A photographic experiment and an exploration of its materiality, this triptych of silver prints on limestone fragments invites us to step out of a presentist vision of history and consider the Earth's geomorphic strata as a book to be deciphered: an Earth-book that narrates a more-than-human story over the long term that telescopes with our present time, and that we need to listen to. For less than 40 years, CPG's open-cast quarries have formed huge slag heaps at the center of a landscape that has formed naturally over millions of years. A landscape literally turned upside down, these slag heaps - artificial hills built by accumulating mine tailings, the waste products of mining operations - bring and outcrop deep sedimentary rock to the surface. Using the limestone rock found in the slag heaps of the open-cast phosphate mines as a support, these prints reflect the disproportionate anthropization of the geology of the Gafsa mining basin.
Silver prints made from stone fragments give the photographic material a presence that is both tangible and spectral. Like spectres of our anthropocenic civilization, memories enclosed in the heart of limestone sediments, these prints evoke the fragmentary archaeological remains of frescoes from an ancient civilization. Here, our linear perception of time is blurred: the categories of past, present and future do not necessarily follow one another, but intermingle in a conjunction of times. What era are we in when we look at this triptych? Are we archaeologists of the future, uncovering the remains of our own contemporary civilization?
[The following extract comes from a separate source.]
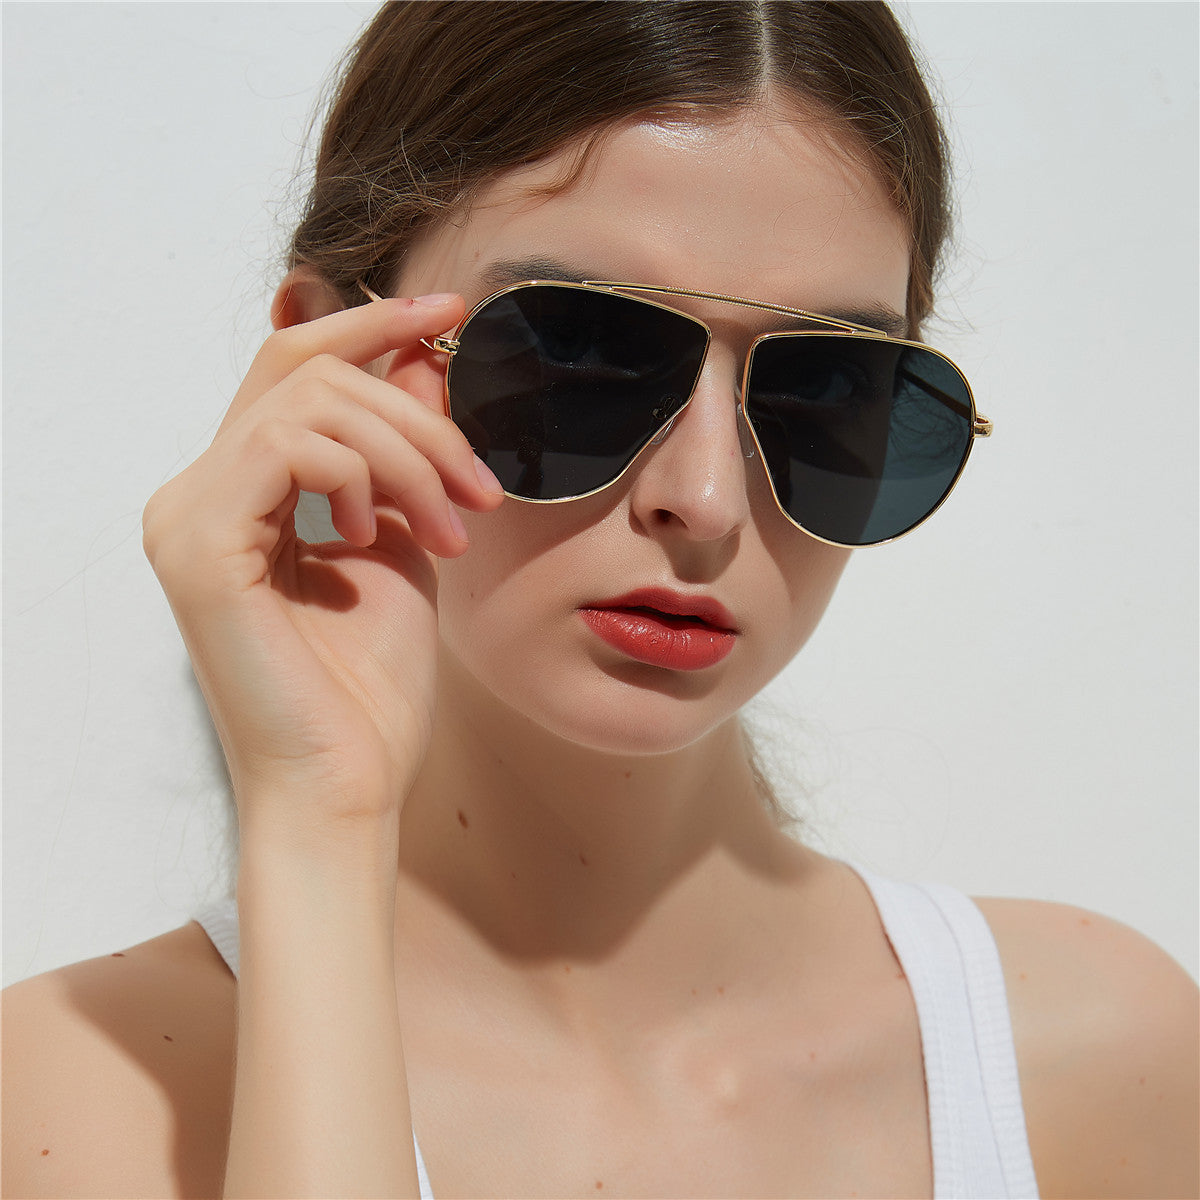 A1166 Polygonal Big Frame Sunglasses, Metal Frame Sunglasses For Women

Or are these vestiges those of a past, vanished civilization?
In the form of an archaeology of the present, this work reconnects us to the spirit of place, to the materiality of phenomena, and suggests an alternative to a presentist vision of History, by linking us to a human and more than human History over the long term. Here, the modern and the ancient, the immemorial and the future are woven into the mineral flesh of a concussed world; here, in a conjunction of times, our civilizational spectres emerge "flush with stone", haunting us like traumas, and will continue to call out to us for as long as we fail to pay attention.
Height 150 cm x Width 320 cm x Depth 3 cm.